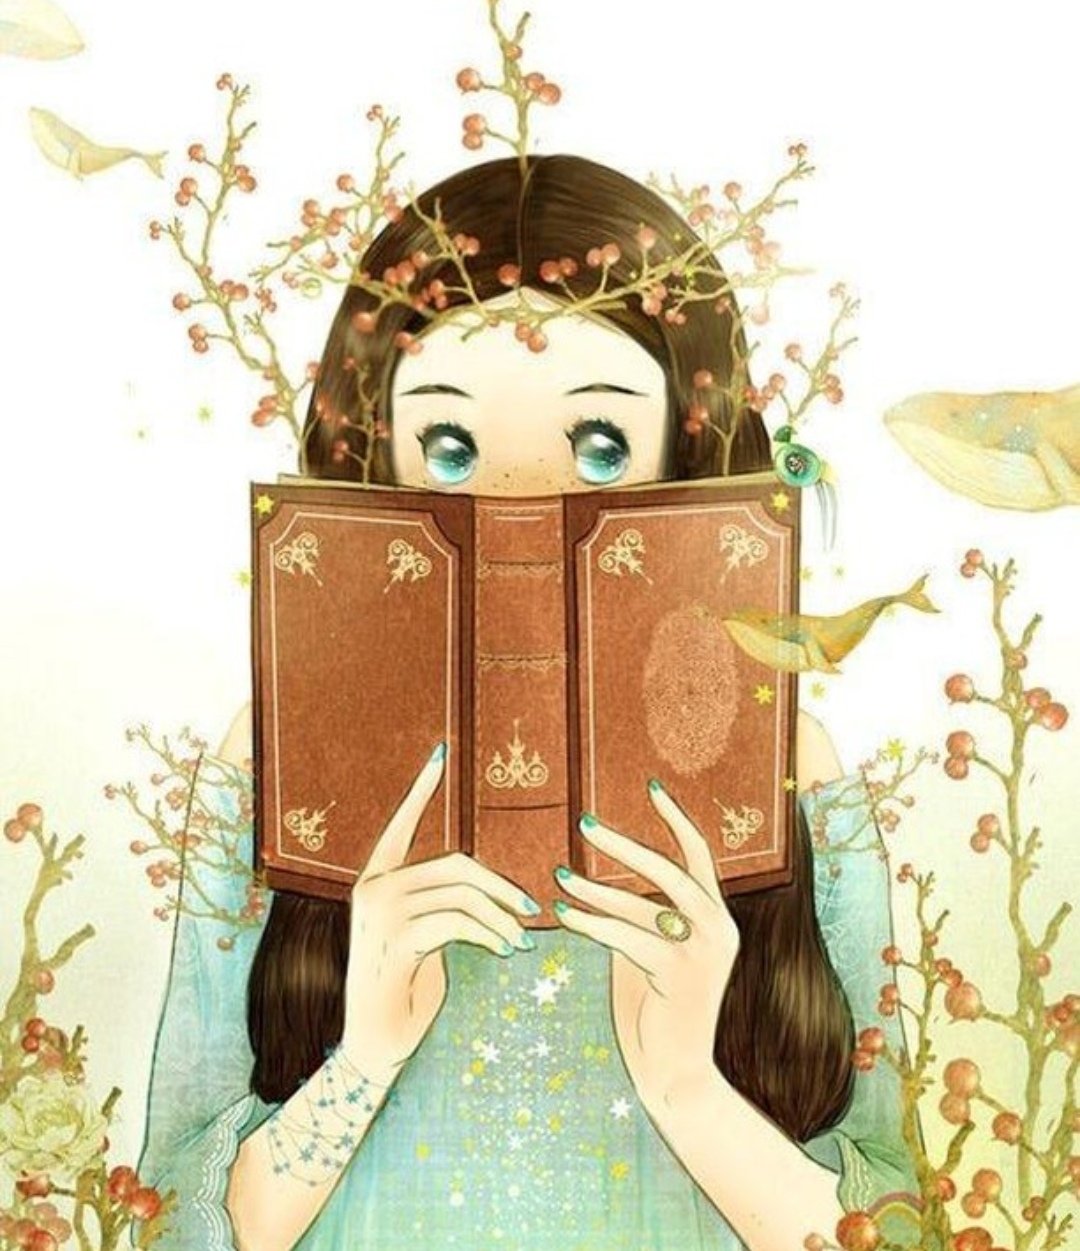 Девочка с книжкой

--

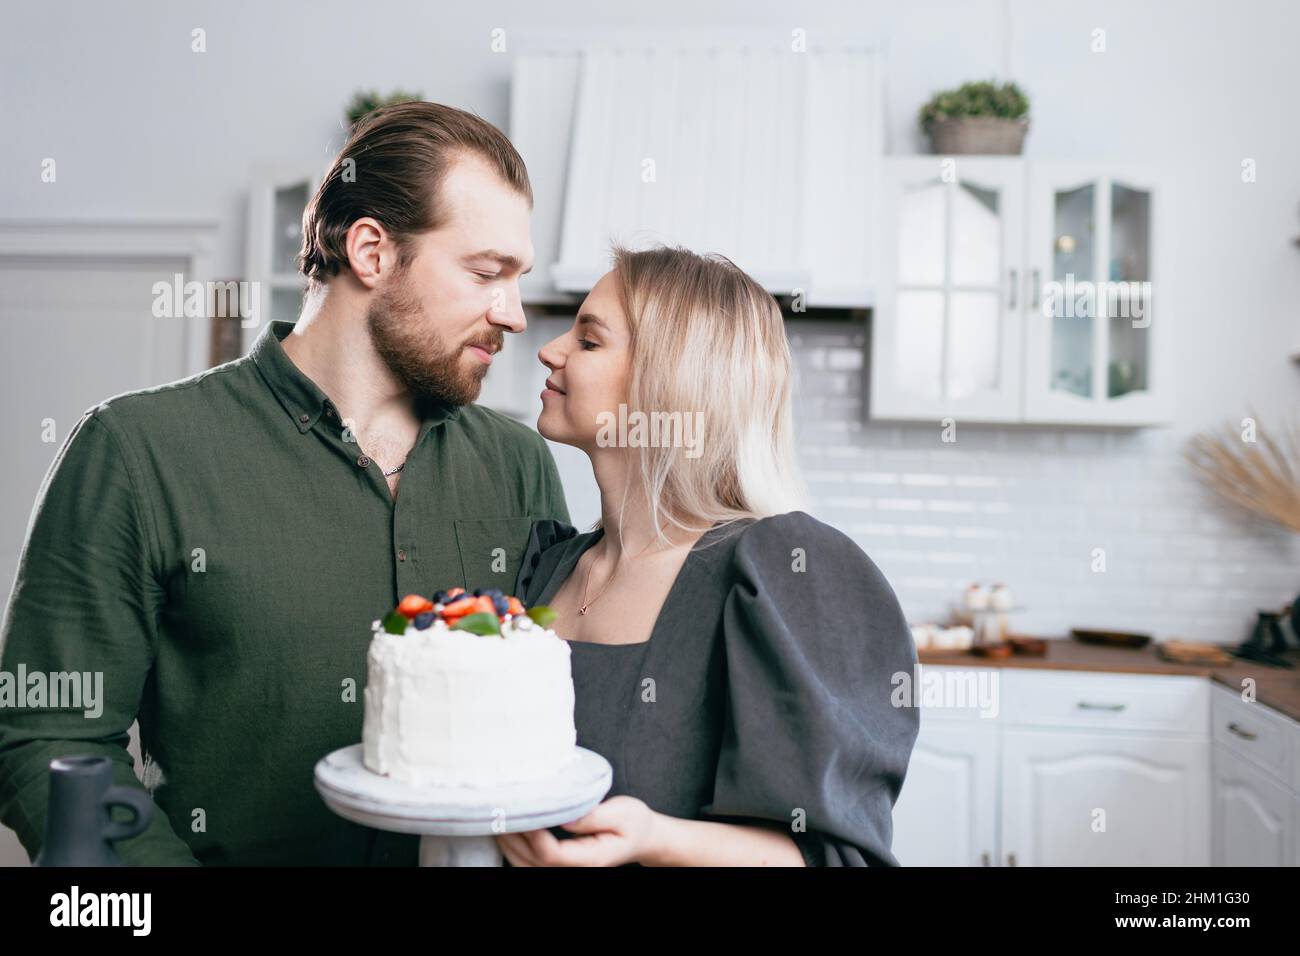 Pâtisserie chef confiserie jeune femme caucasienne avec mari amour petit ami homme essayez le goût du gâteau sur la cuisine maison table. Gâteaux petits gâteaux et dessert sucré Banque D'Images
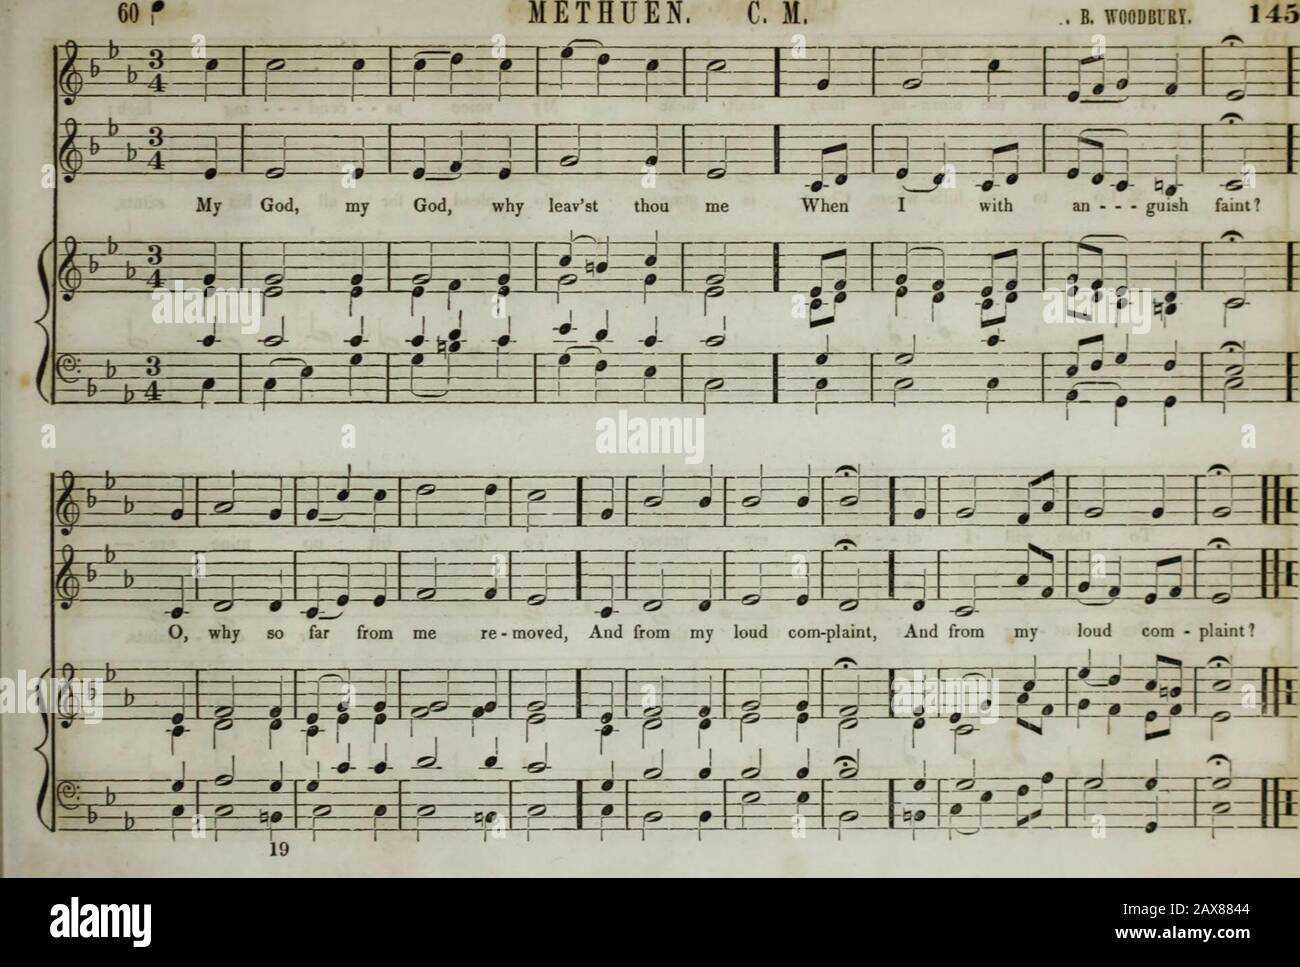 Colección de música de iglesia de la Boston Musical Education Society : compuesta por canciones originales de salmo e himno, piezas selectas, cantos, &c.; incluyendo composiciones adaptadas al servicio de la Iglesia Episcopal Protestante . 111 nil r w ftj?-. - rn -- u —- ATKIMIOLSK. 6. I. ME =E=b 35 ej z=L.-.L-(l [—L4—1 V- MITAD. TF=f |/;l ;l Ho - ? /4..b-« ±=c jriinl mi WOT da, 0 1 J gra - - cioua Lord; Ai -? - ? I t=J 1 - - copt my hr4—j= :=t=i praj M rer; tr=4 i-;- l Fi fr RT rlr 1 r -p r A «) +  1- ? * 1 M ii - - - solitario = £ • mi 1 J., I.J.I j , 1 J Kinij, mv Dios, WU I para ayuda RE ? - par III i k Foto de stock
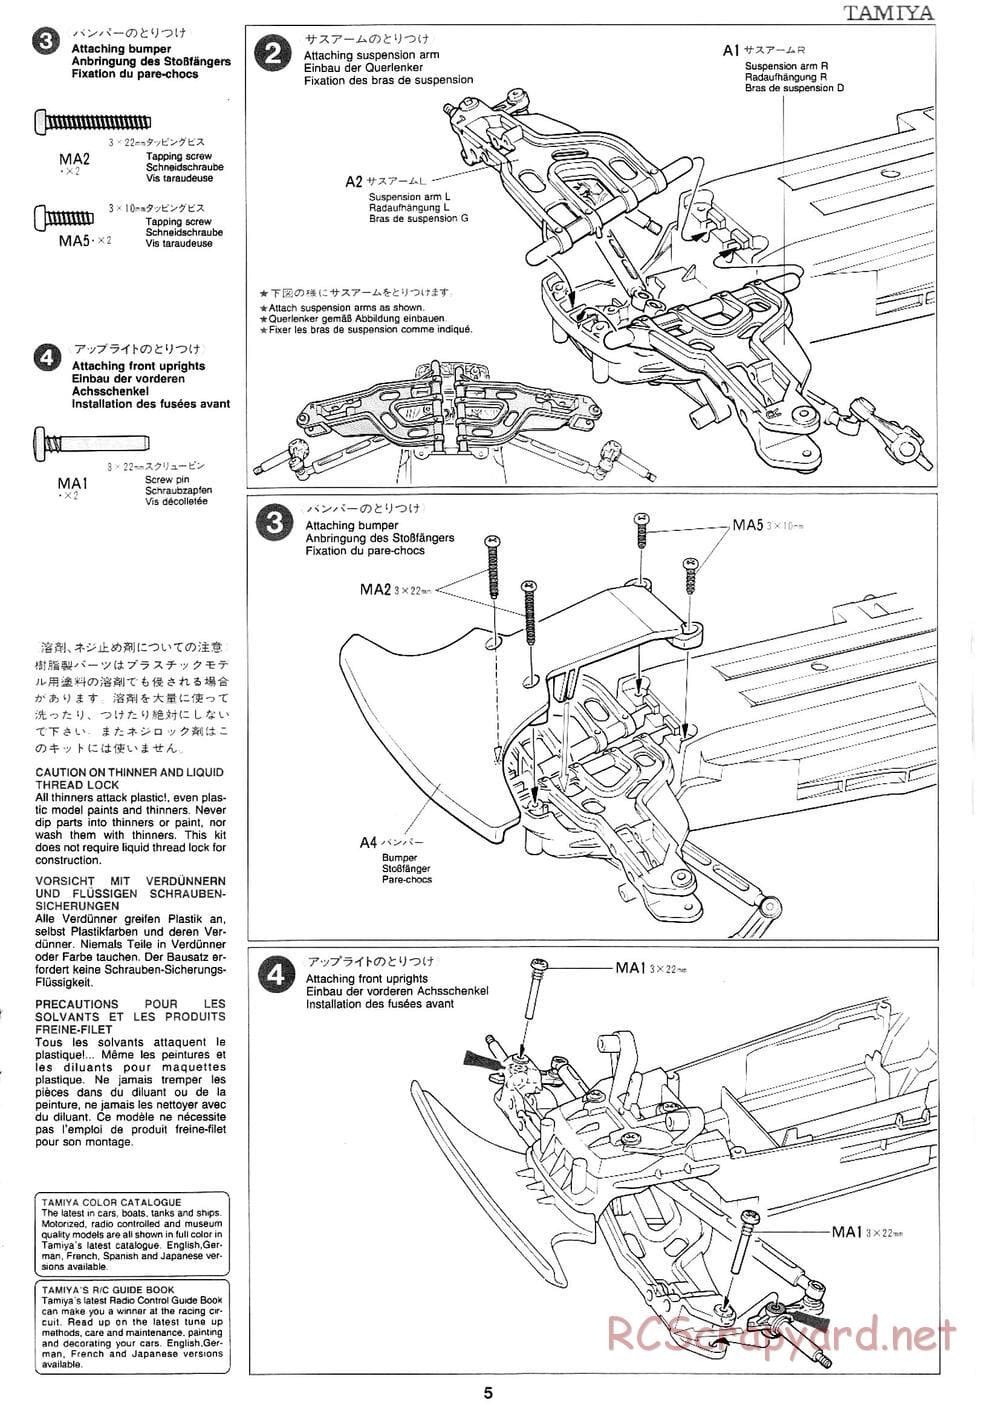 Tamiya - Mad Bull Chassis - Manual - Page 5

> _What to do_
Leave out the images and write out the lines above exactly, from the one with "Pâtisserie chef confiserie" up to and including the one with "Tamiya - Mad Bull Chassis - Manual - Page 5".

> _Problem solution_
 Pâtisserie chef confiserie jeune femme caucasienne avec mari amour petit ami homme essayez le goût du gâteau sur la cuisine maison table. Gâteaux petits gâteaux et dessert sucré Banque D'Images
 Colección de música de iglesia de la Boston Musical Education Society : compuesta por canciones originales de salmo e himno, piezas selectas, cantos, &c.; incluyendo composiciones adaptadas al servicio de la Iglesia Episcopal Protestante . 111 nil r w ftj?-. - rn -- u —- ATKIMIOLSK. 6. I. ME =E=b 35 ej z=L.-.L-(l [—L4—1 V- MITAD. TF=f |/;l ;l Ho - ? /4..b-« ±=c jriinl mi WOT da, 0 1 J gra - - cioua Lord; Ai -? - ? I t=J 1 - - copt my hr4—j= :=t=i praj M rer; tr=4 i-;- l Fi fr RT rlr 1 r -p r A «) +  1- ? * 1 M ii - - - solitario = £ • mi 1 J., I.J.I j , 1 J Kinij, mv Dios, WU I para ayuda RE ? - par III i k Foto de stock
 Tamiya - Mad Bull Chassis - Manual - Page 5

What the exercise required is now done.